▶ _Your instructions_
Retype only the lines below from the one with "卸売B2B LED T3" to the one with "Vecteur d'illustration isolé", inclusive, skipping every image.

▶ _Available records_
:::
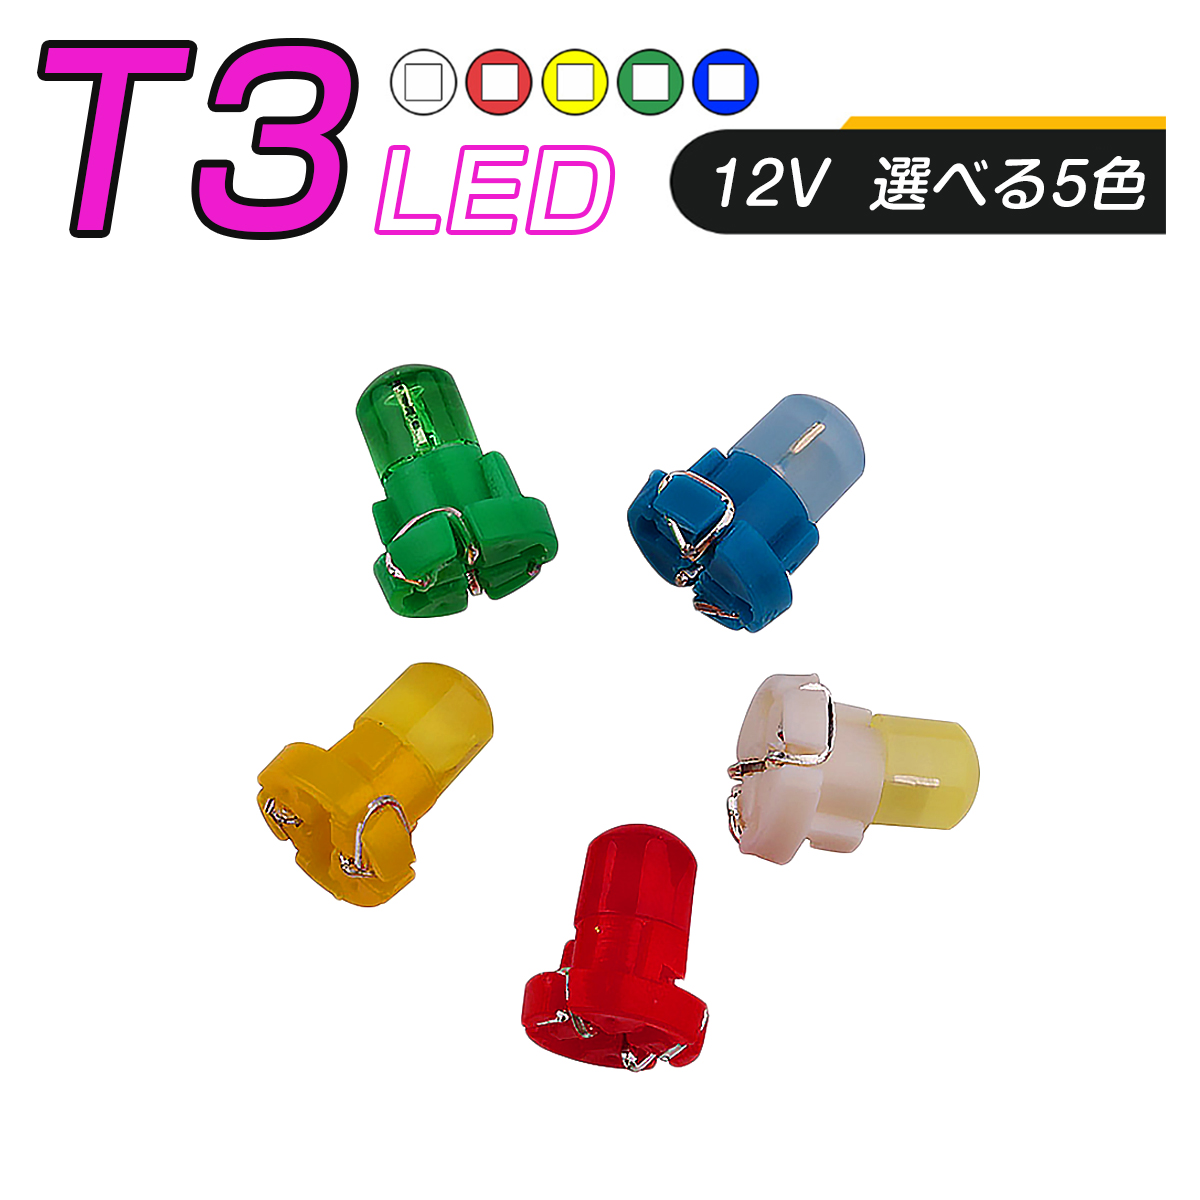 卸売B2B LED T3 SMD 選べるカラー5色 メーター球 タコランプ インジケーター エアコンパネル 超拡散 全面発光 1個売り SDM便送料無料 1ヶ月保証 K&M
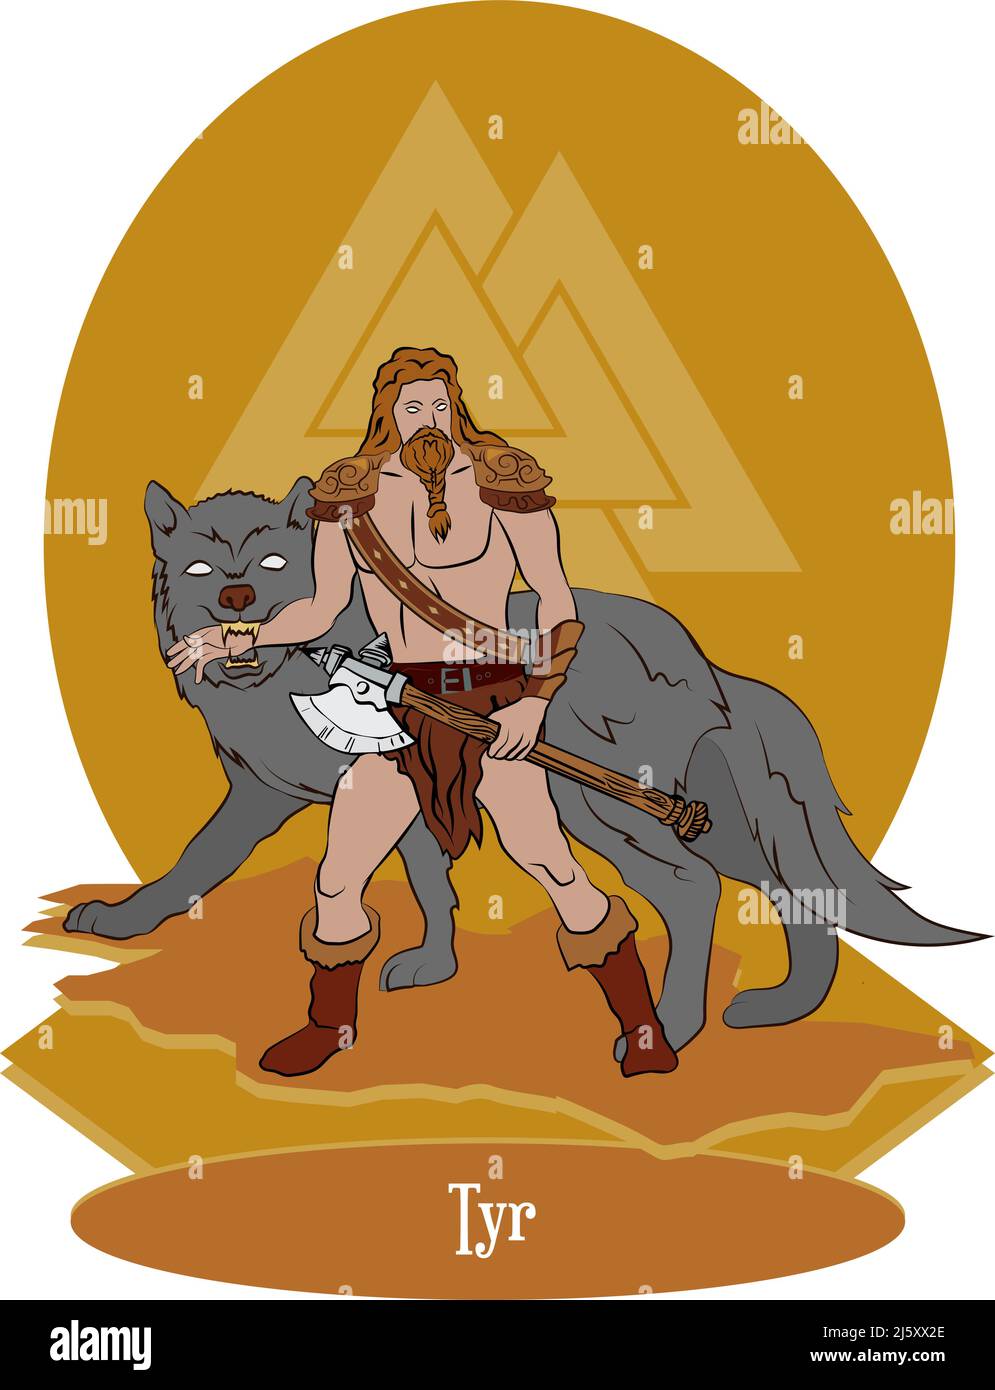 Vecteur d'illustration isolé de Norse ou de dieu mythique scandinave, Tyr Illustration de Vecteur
:::
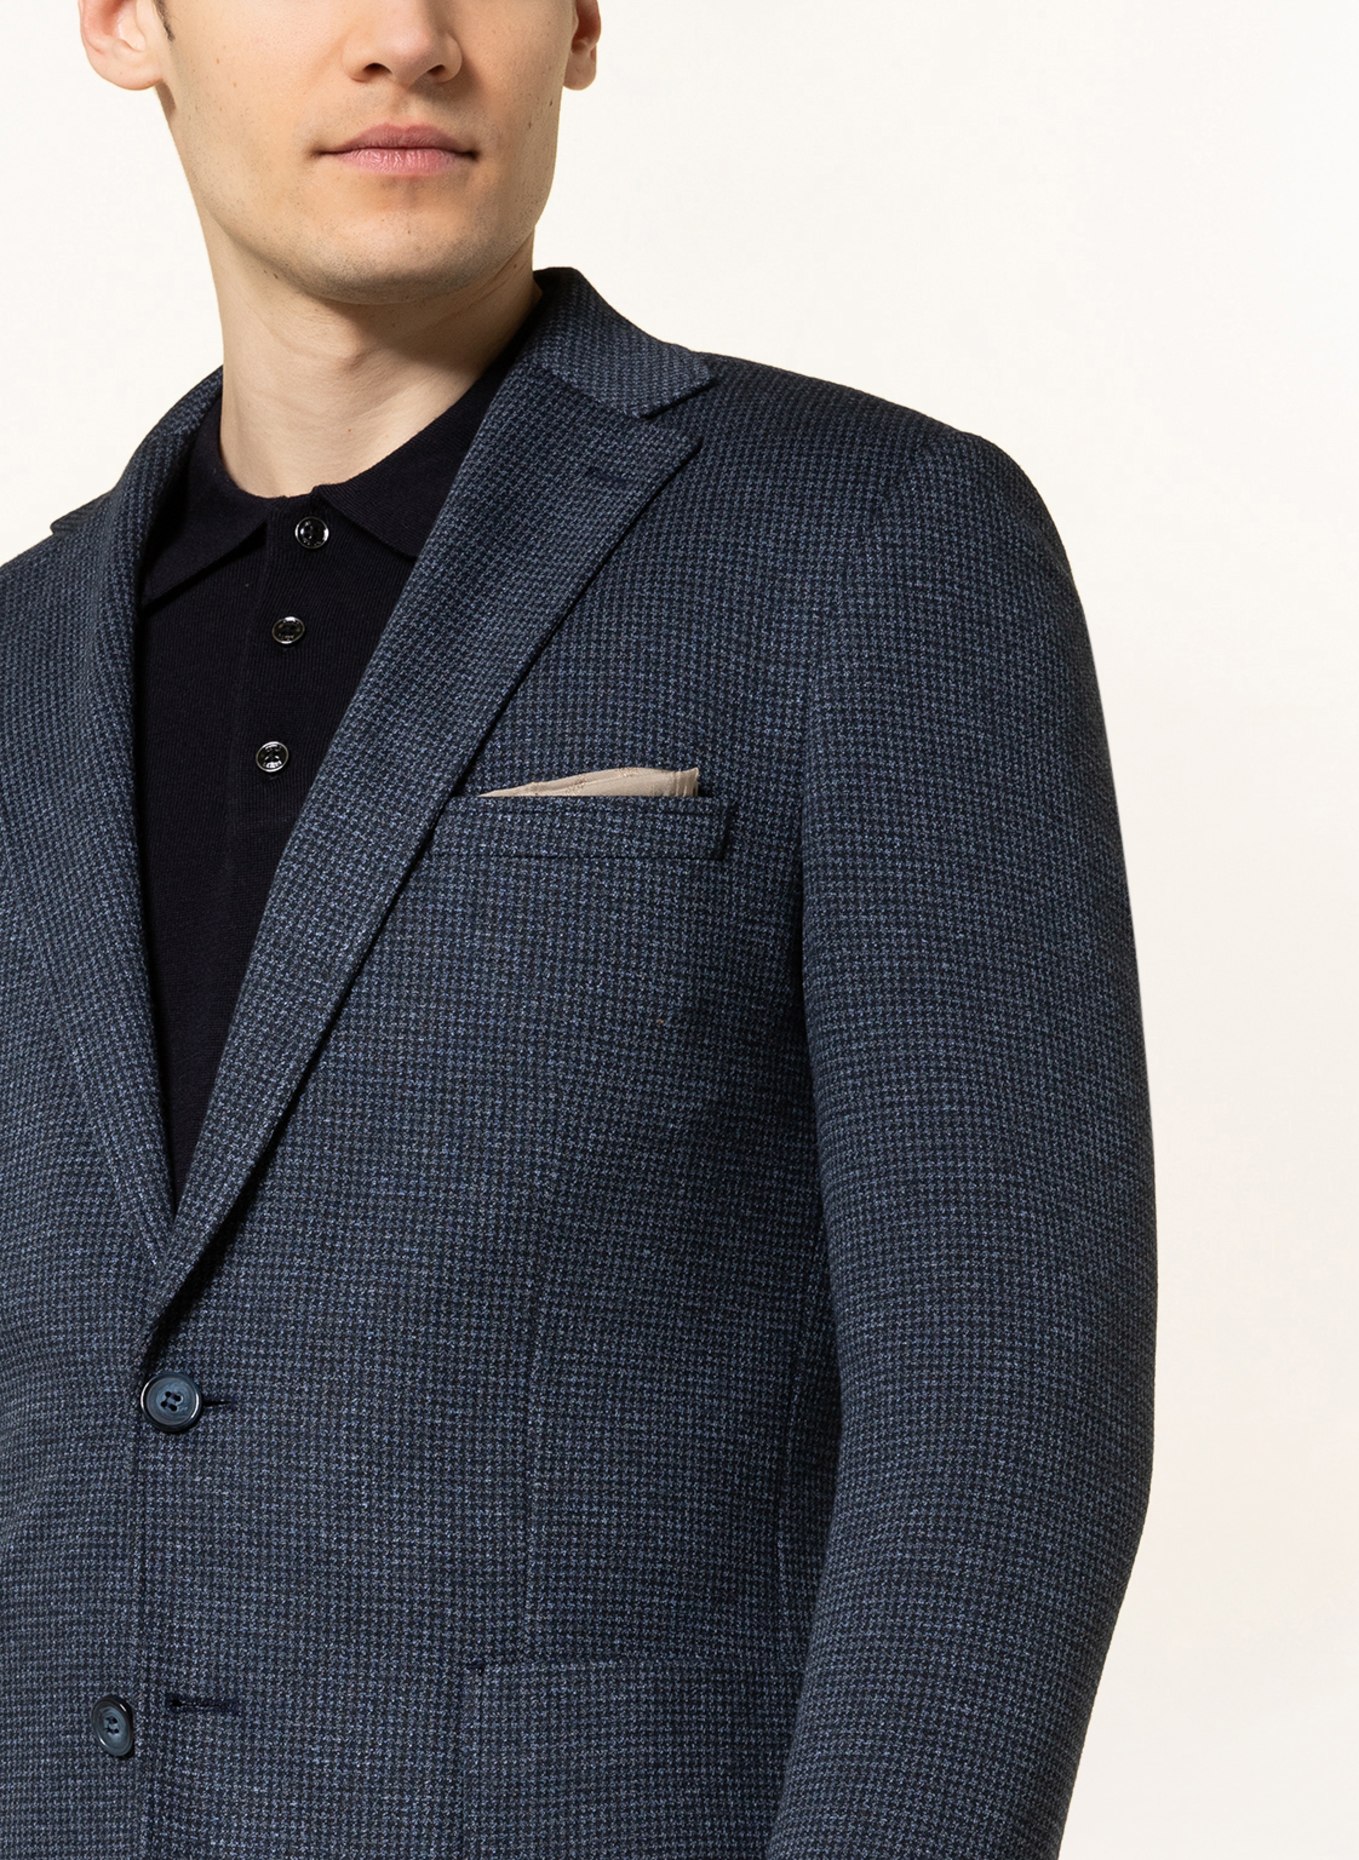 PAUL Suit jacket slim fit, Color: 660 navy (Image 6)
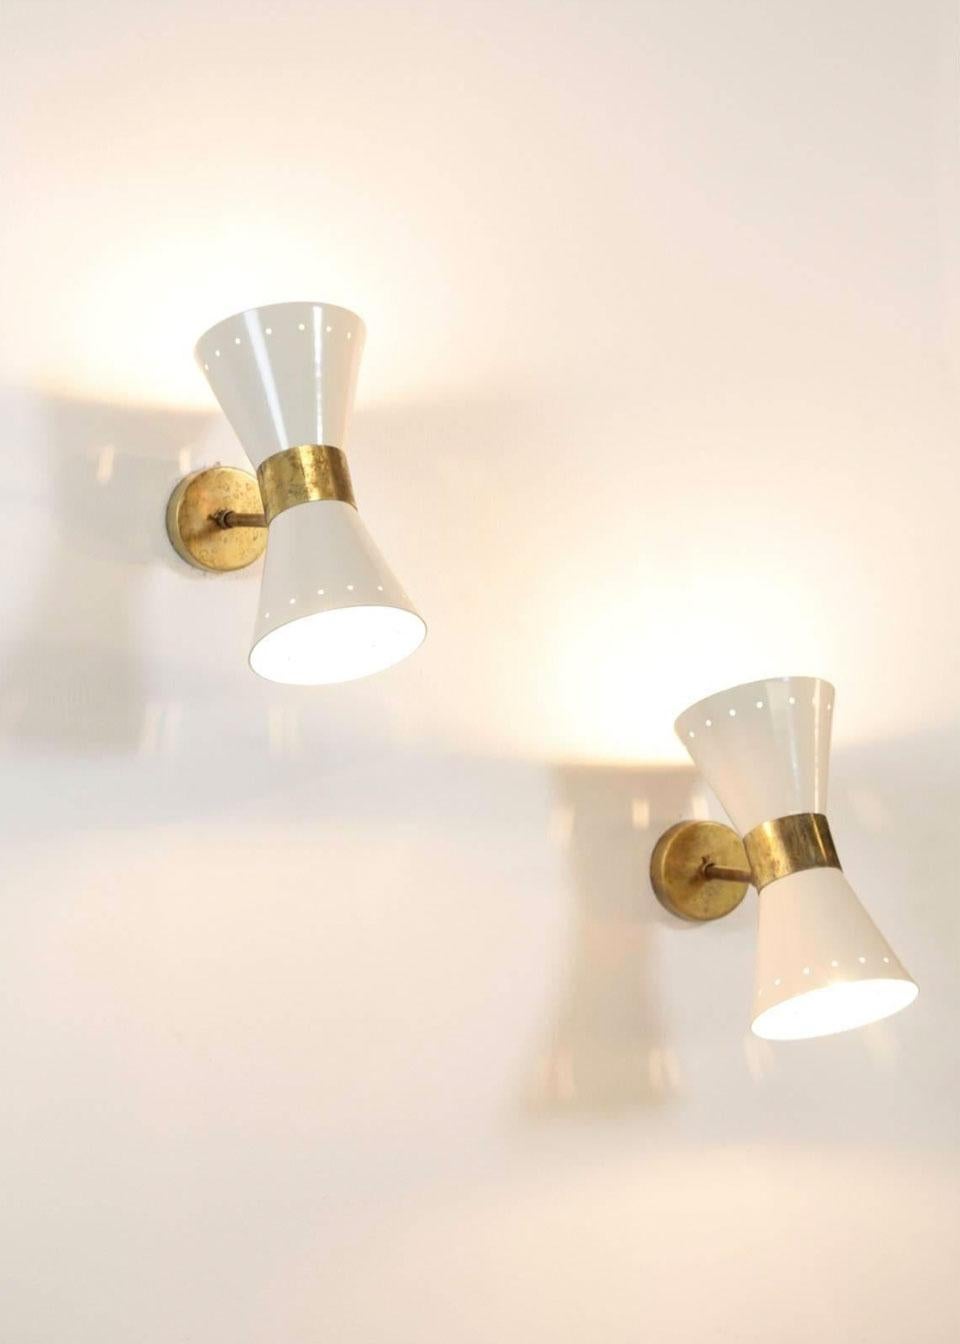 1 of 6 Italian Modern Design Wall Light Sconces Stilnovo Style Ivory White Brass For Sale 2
:::
▶ _Task answer_
 卸売B2B LED T3 SMD 選べるカラー5色 メーター球 タコランプ インジケーター エアコンパネル 超拡散 全面発光 1個売り SDM便送料無料 1ヶ月保証 K&M
 Vecteur d'illustration isolé de Norse ou de dieu mythique scandinave, Tyr Illustration de Vecteur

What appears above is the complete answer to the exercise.